Justice Holmes was the leading advocate of his time for the general proposition that “[a]cts should be judged by their tendency under the known circumstances, not by the actual intent which accompanies them.” Holmes, The Common Law 54 (Harvard Univ. Press 1967) (1881). When applying this general principle to a specific ease, however, Holmes qualified it, conceding that “when words are used exactly, a deed is not done with intent to produce a consequence unless that consequence is the aim of the deed.” Abrams v. United States, 250 U.S. 616, 627, 40 S.Ct. 17, 21, 63 L.Ed. 1173 (1919) (Holmes J. dissenting). There is no novelty to the distinction between intended purpose and foreseen but undesired consequence. “It is deliberate purpose that constitutes wickedness and criminal guilt, and such names as ‘outrage’ and ‘theft’ imply deliberate purpose as well as the mere action.” Aristotle, Rhetoric, book I, chap. 13, at 79 (Roberts trans. 1954). Jurors can no longer be instructed that “the law presumes that a person intends the ordinary consequences of his voluntary acts,” in a case requiring purposeful conduct, because the instruction presumes away the prosecution’s burden of proving criminal in*859tent. Sandstrom v. Montana, 442 U.S. 510, 513, 99 S.Ct. 2450, 2453, 61 L.Ed.2d 39 (1979).

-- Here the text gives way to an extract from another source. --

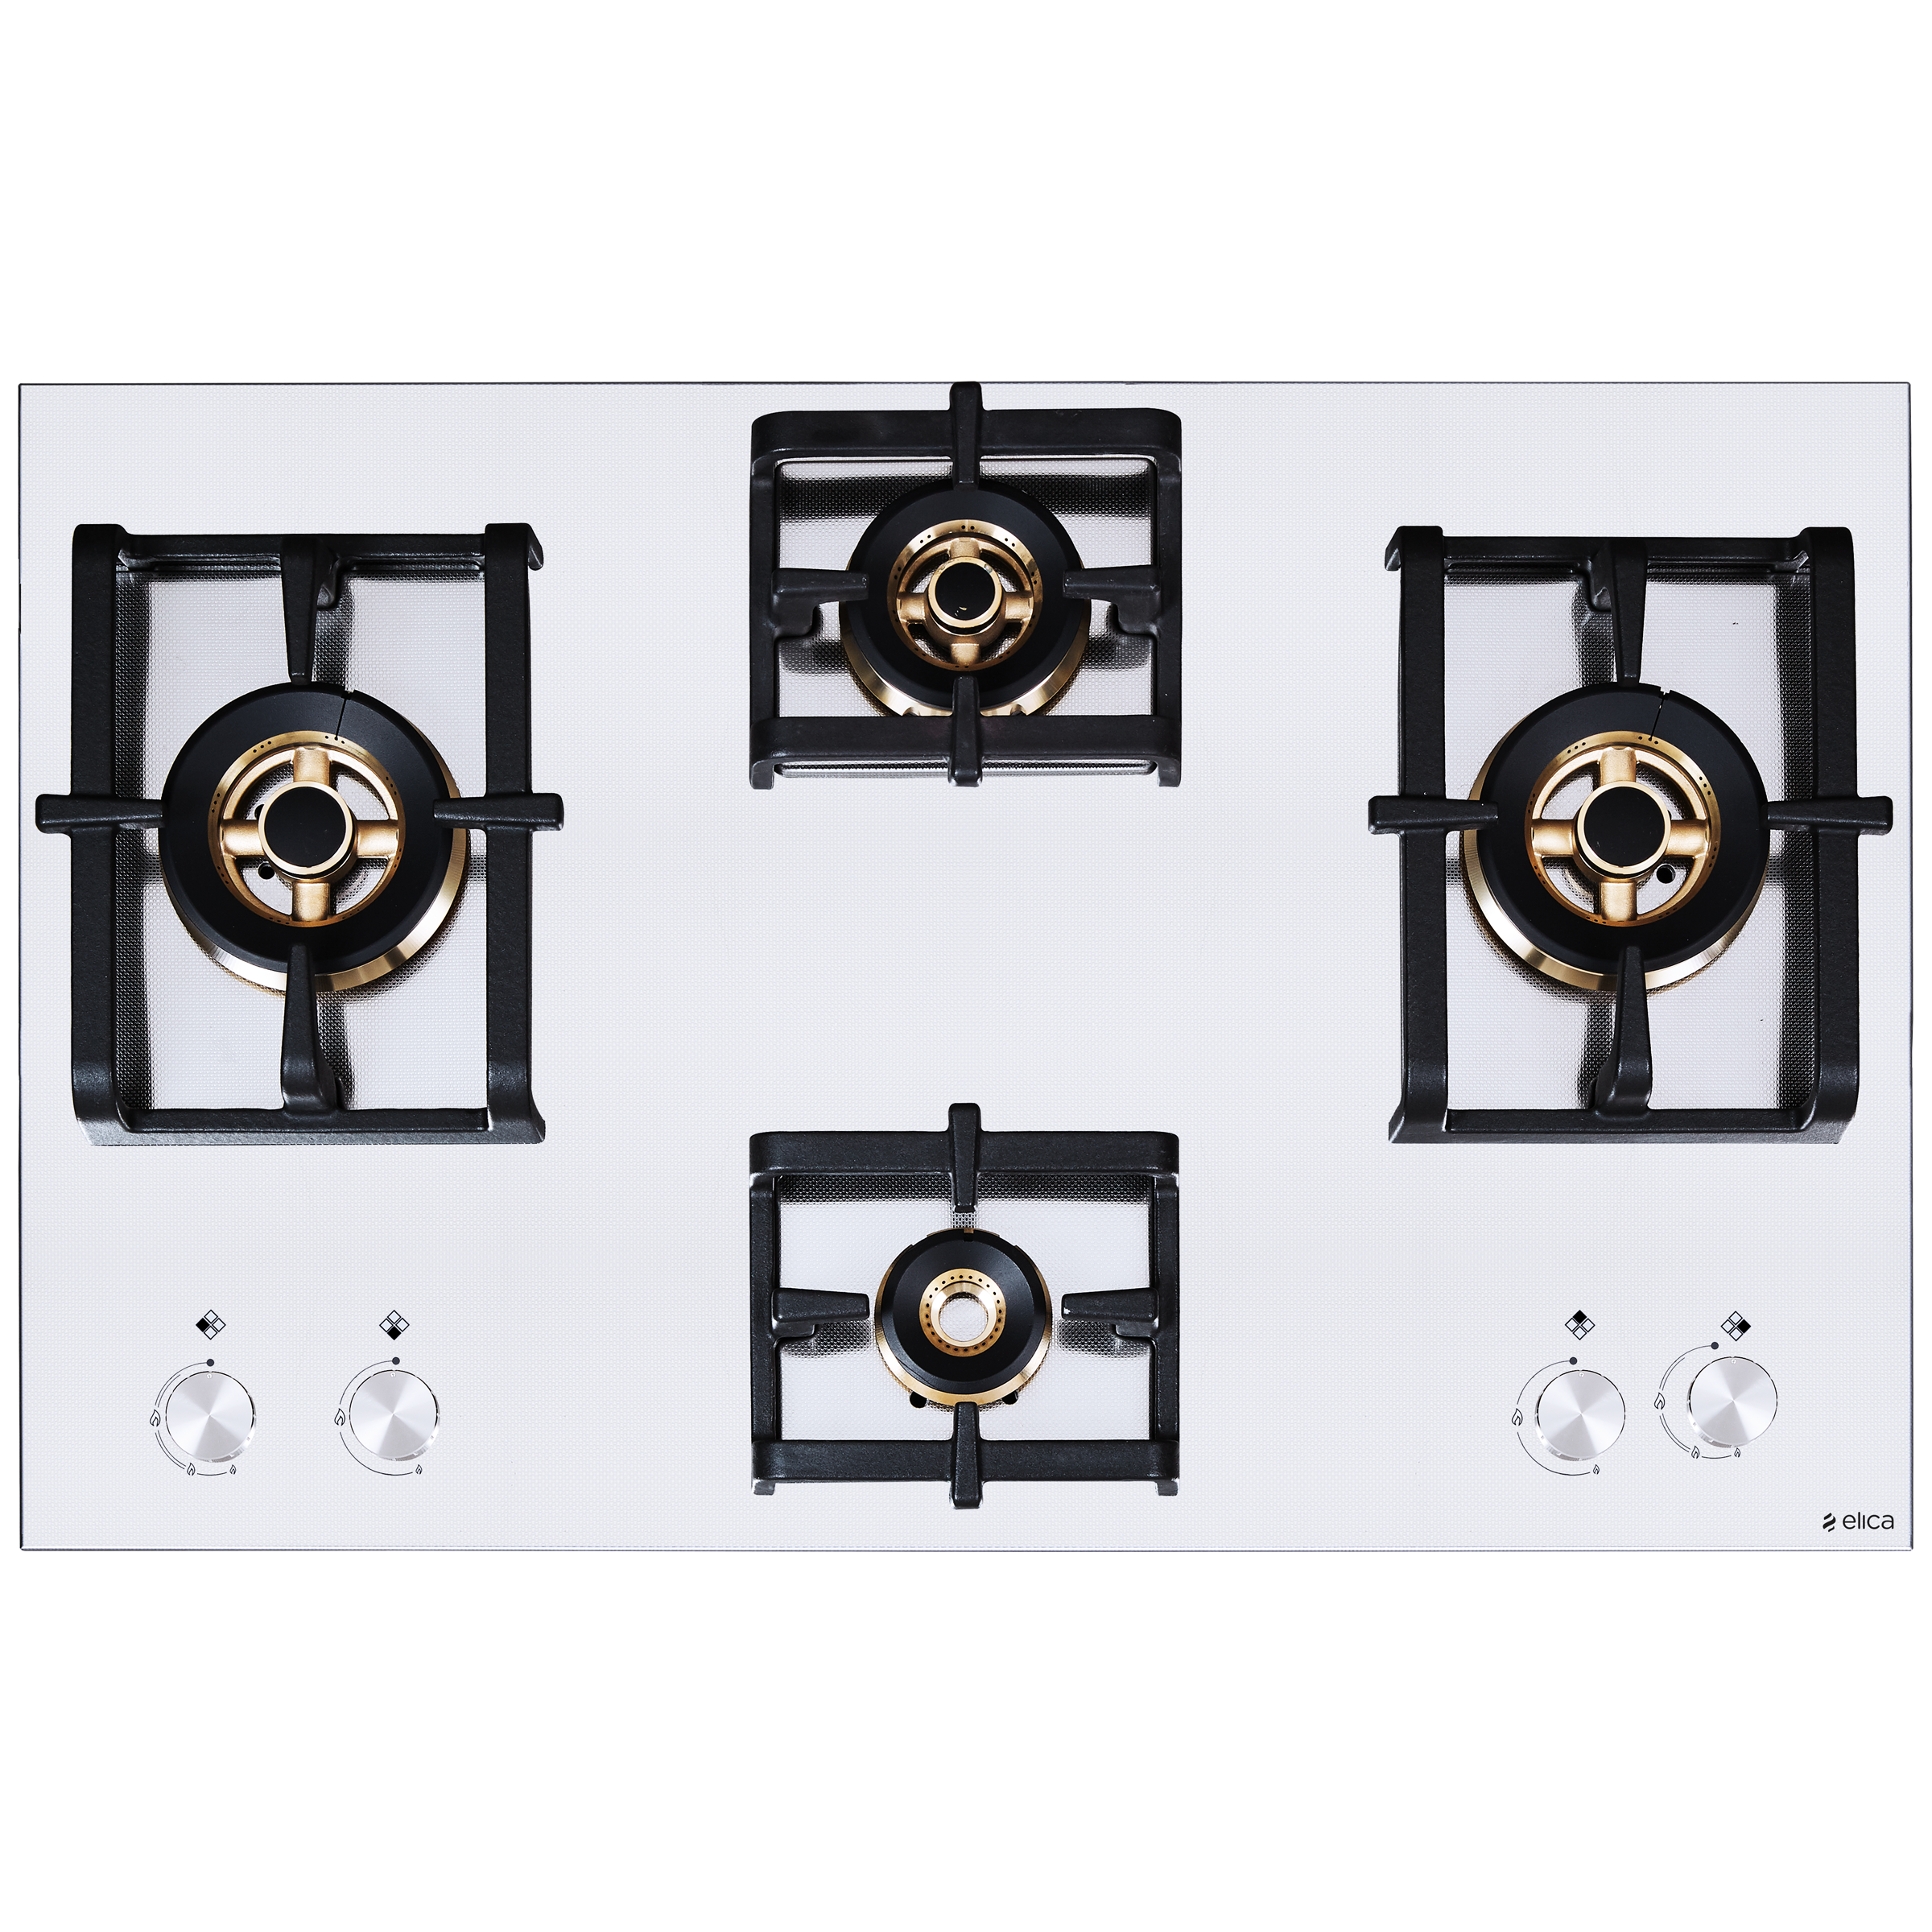 Elica Inox Pro FB MFC 4B 91 DX 4 Burner Stainless Steel Built-in Gas Hob (Cast Iron Grids, 3021, Steel)_1

It is very difficult to judge what ought to be allowed in the care of terminally ill patients. The Constitution does not speak to the issue. People of varying views, including people with terrible illnesses and their relatives, physicians, and clergy, can, through democratic institutions, obtain enlightened compromises of the complex and conflicting considerations. They can do so at least as well as we judges can, and nothing in the Constitution prevents them from making the law.